Goldman Sachs maintains its Brent/WTI price predictions for 2025, anticipating modestly increased risks overall

    by VT Markets
    /
    Sep 8, 2025

    Goldman Sachs has decided to keep its Brent/WTI price prediction for 2025 unchanged. This decision is influenced by OPEC+’s move to slowly reverse their 1.65 mb/d cuts, as OECD commercial stocks continue to be low. The firm projects the 2026 averages at $56 for Brent and $52 for WTI.

    Potential risks to the 2025–2026 price forecast are assessed as two-sided, with a slight tilt towards an increase. Goldman Sachs anticipates a larger surplus in 2026, primarily due to supply upgrades in the Americas outweighing Russian supply declines and increased global demand. The anticipated oil surplus for 2026 has been adjusted to 1.9 mb/d from a prior estimate of 1.7 mb/d.

    Opec Measures And Market Stocks

    Goldman Sachs also considers a full reversal of the 1.65 mb/d cuts a possibility. They expect OPEC+ to potentially halt quota increases from January 2026, contingent on noticeable rises in OECD commercial stocks by late 2025.

    We see the forecast keeping Brent and WTI prices for 2025 steady and near the current forward curve. This view hinges on the idea that OPEC+ is starting to unwind its cuts because OECD commercial stocks are still quite low. The key takeaway for the coming weeks is navigating this short-term tightness against a potential surplus later on.

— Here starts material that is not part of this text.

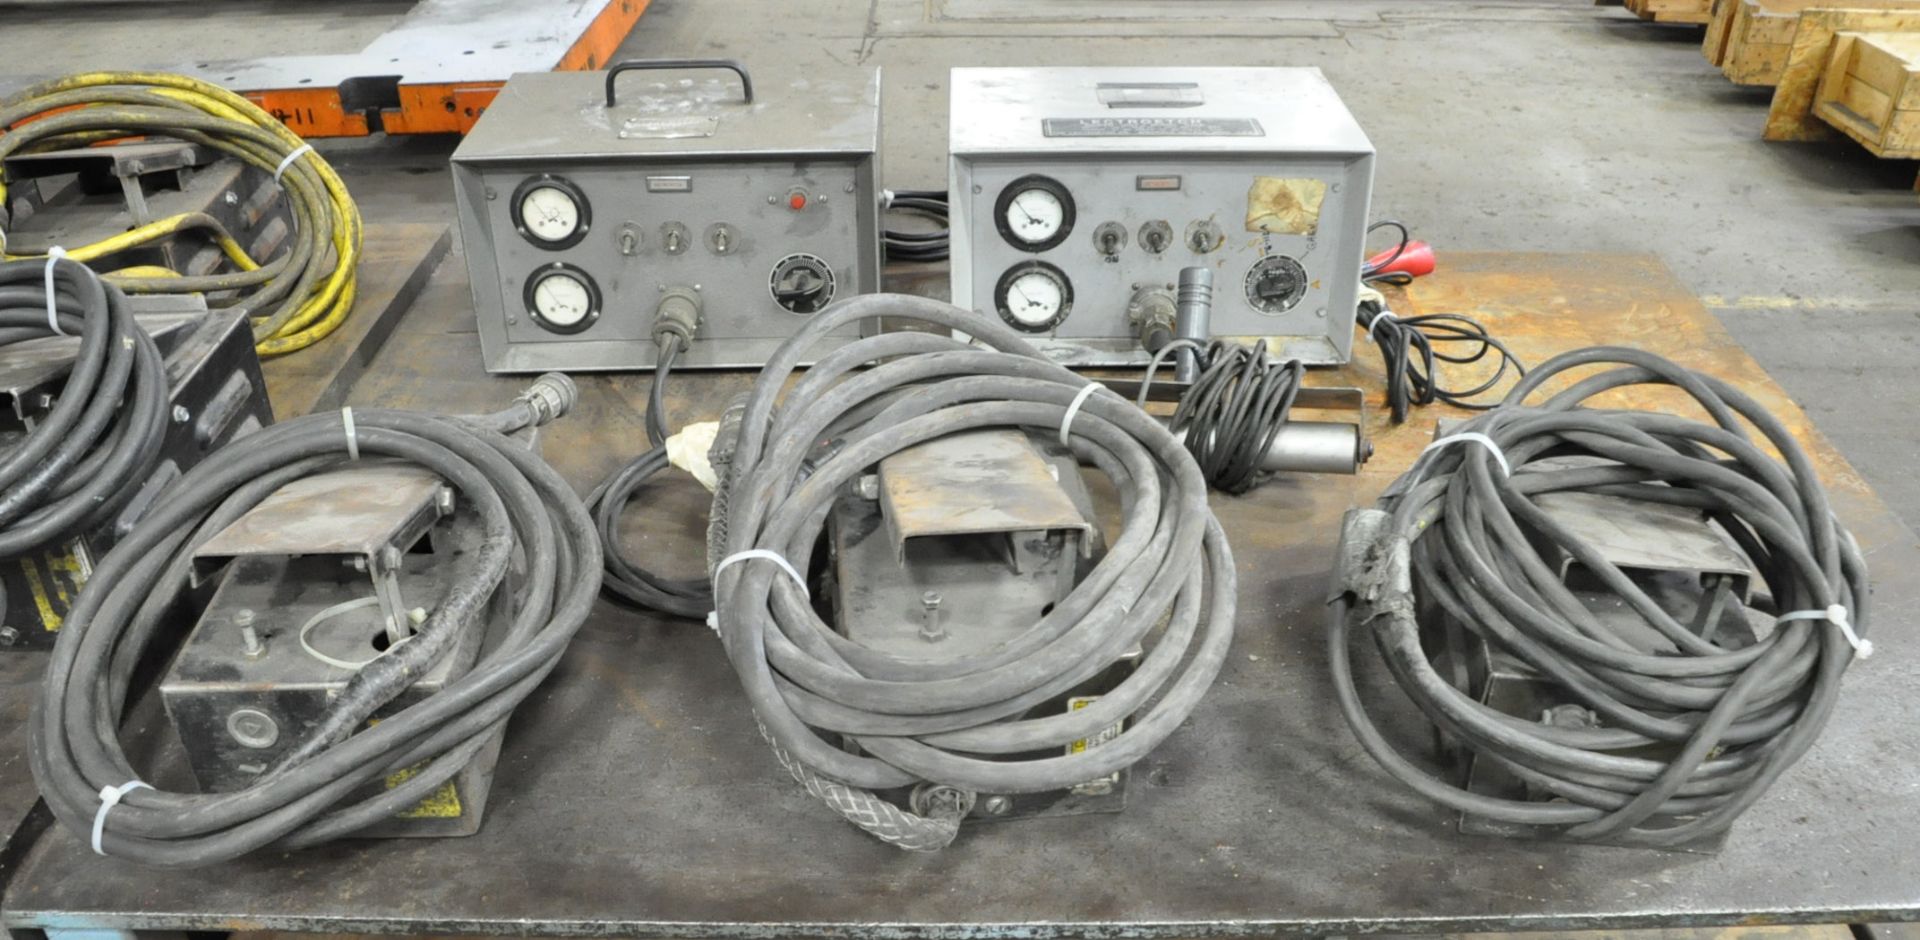 Lot-Welding Wire, Foot Pedals and (2) Lectroetch Units, (E-16), (Pink Tag) - Bild 3 aus 3

    This perspective is reinforced by last week’s EIA data, which showed a surprise crude draw of 3.1 million barrels, against expectations of a small build. We are also seeing this reflected in positioning, as the latest CFTC report from September 2nd showed money managers increasing their net long positions in WTI futures and options. This suggests the market is currently more focused on the immediate supply-demand balance.

    Pricing Strategy And Market Dynamics

    For the coming weeks, this supports a strategy of owning near-term upside exposure, possibly through call spreads on November or December 2025 contracts. The slight upside risk mentioned in the report, combined with recent positive manufacturing data out of China, suggests any dips could be buying opportunities. Volatility might remain contained, but the risk of a sharp move up is greater than a move down before year-end.

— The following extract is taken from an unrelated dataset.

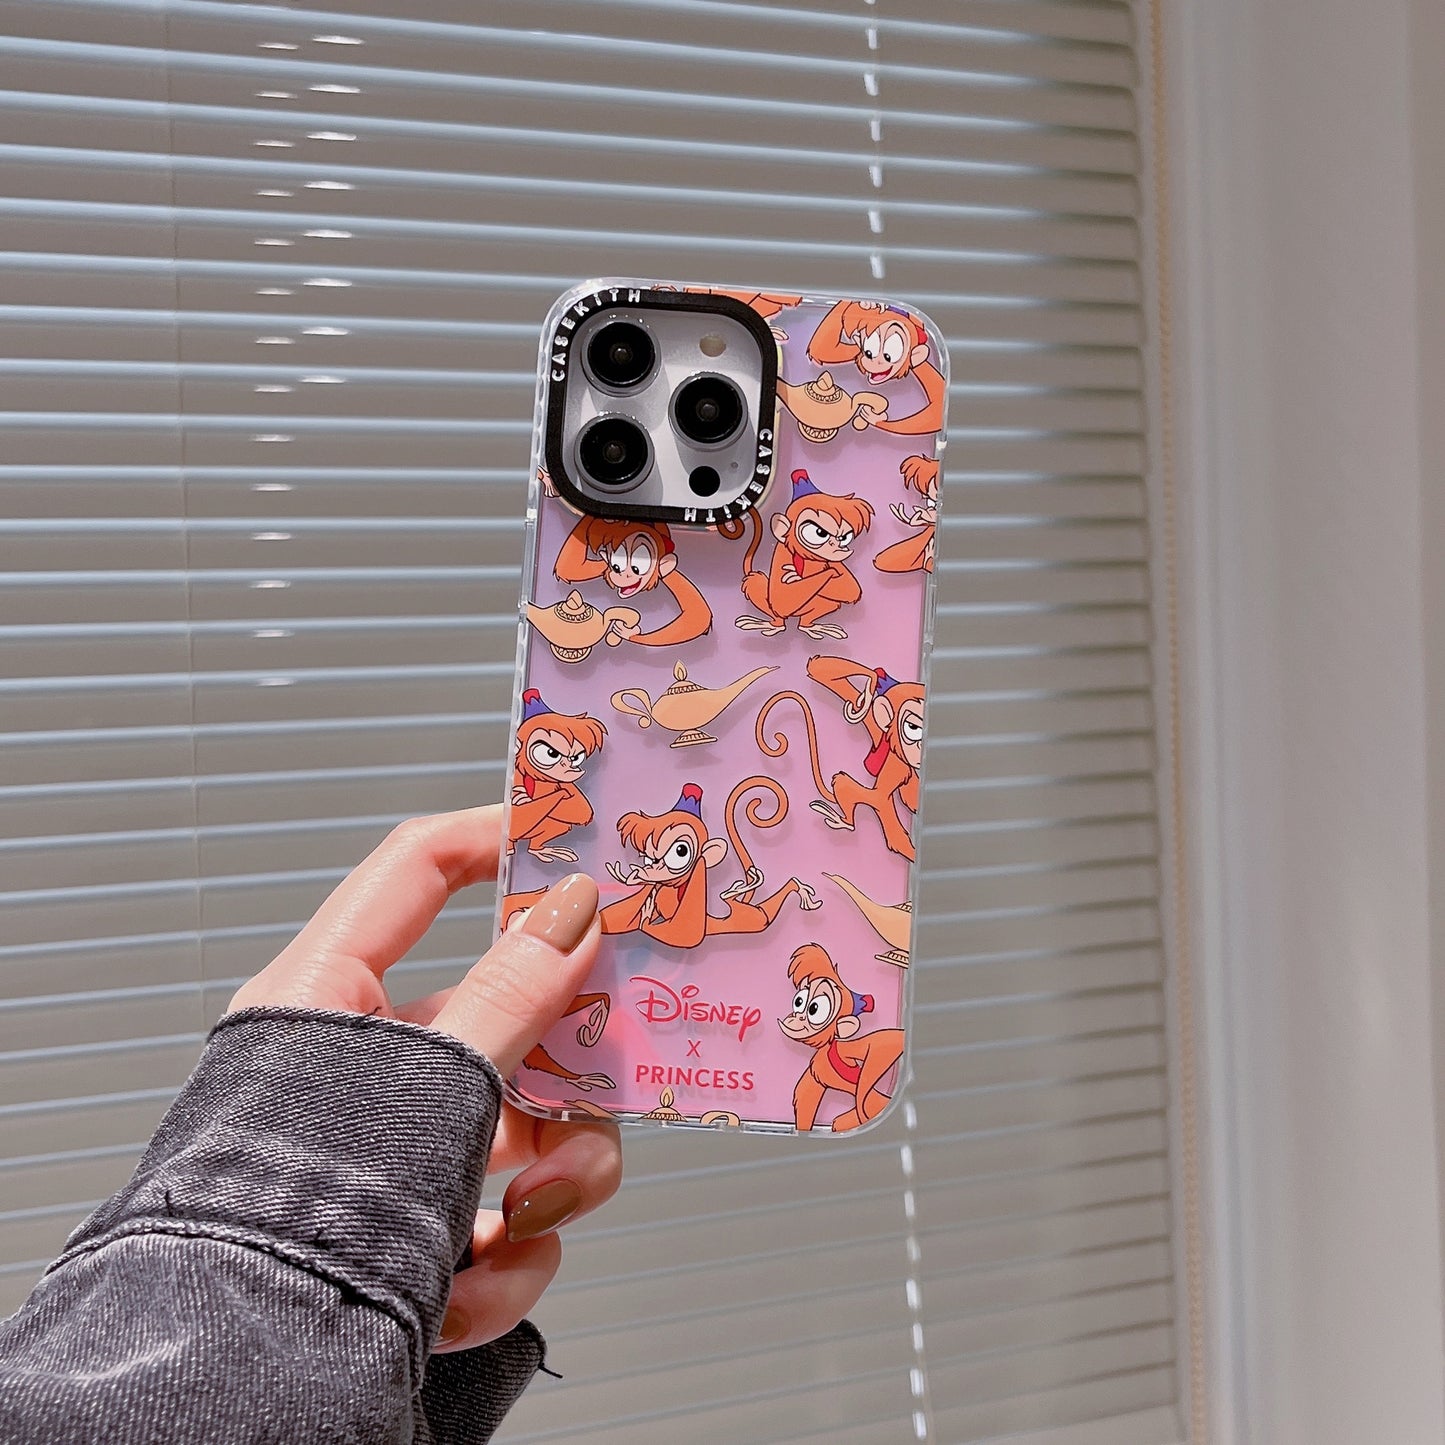 Enchant Your Device with Disney Princess Magic - Discover Magical Phone Cases

    Looking further out, the projected surplus of 1.9 mb/d for 2026 suggests a bearish structure for the deferred contracts. We could consider establishing calendar spreads, selling mid-2026 futures against buying late-2025 contracts to profit from the curve steepening into contango. This trade aligns with the view that OPEC+ will have to pause its production increases in early 2026 as inventories rise.

    We should not discount OPEC+’s flexibility, as we witnessed with their significant interventions back in the 2022-2024 period. The assumption that they will pause quota increases if stocks build seems credible, given their historical preference for market stability over pure volume. This creates a floor for prices, but also caps the extreme upside beyond 2025.

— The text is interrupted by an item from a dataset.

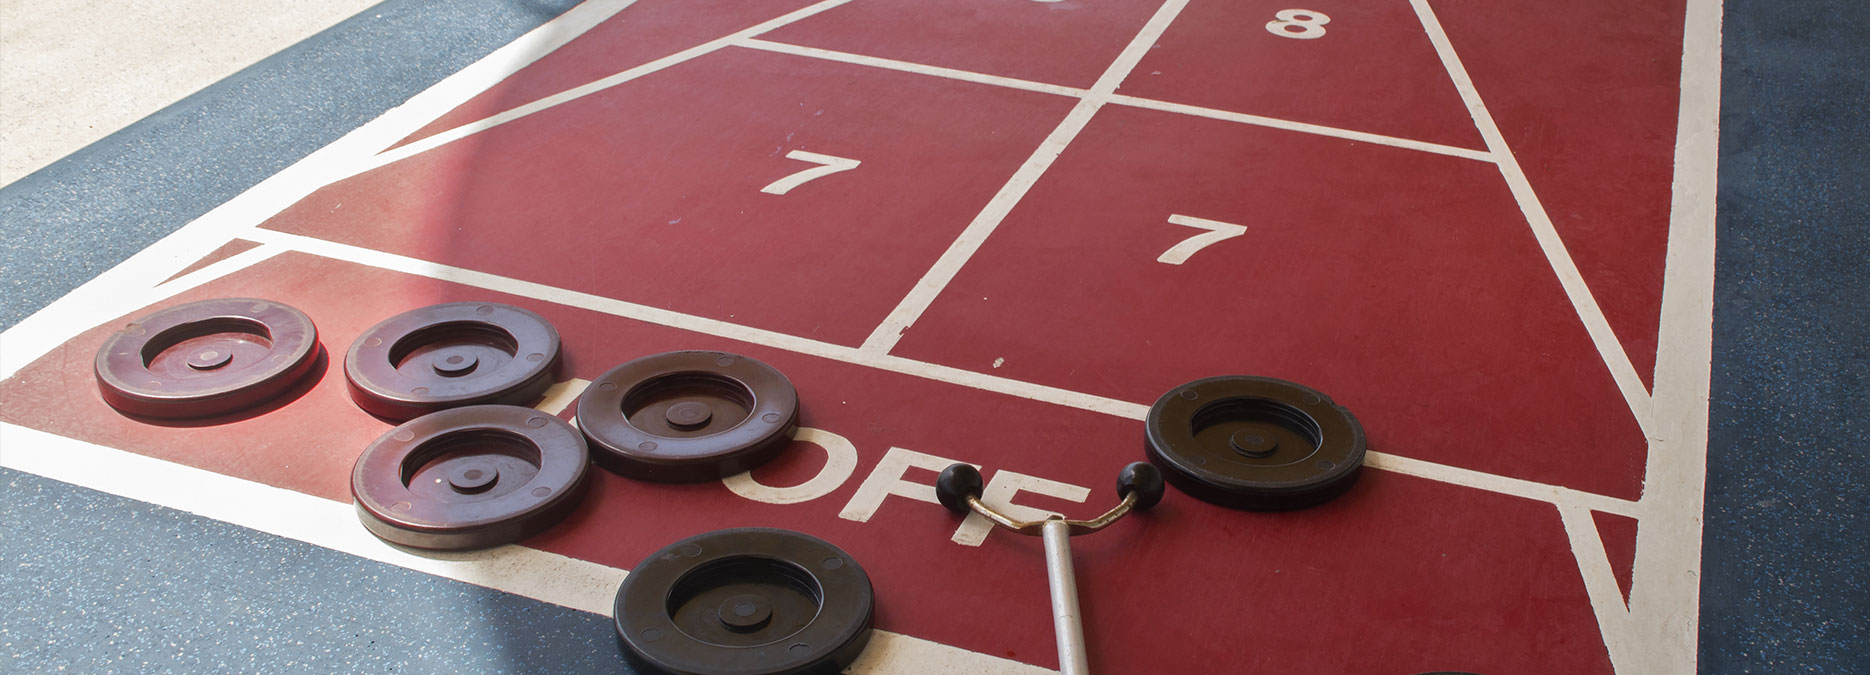 5 THINGS TO KNOW ABOUT SHUFFLEBOARD - Backyard Sports

    The forecast’s specific mention of supply upgrades in the Americas, particularly from non-OPEC sources, could weigh on WTI relative to Brent. This suggests the Brent-WTI spread might widen in the coming months from its current narrow range of around $4.00. Traders could look at positioning for this widening by going long Brent futures while simultaneously selling WTI futures for the same delivery period.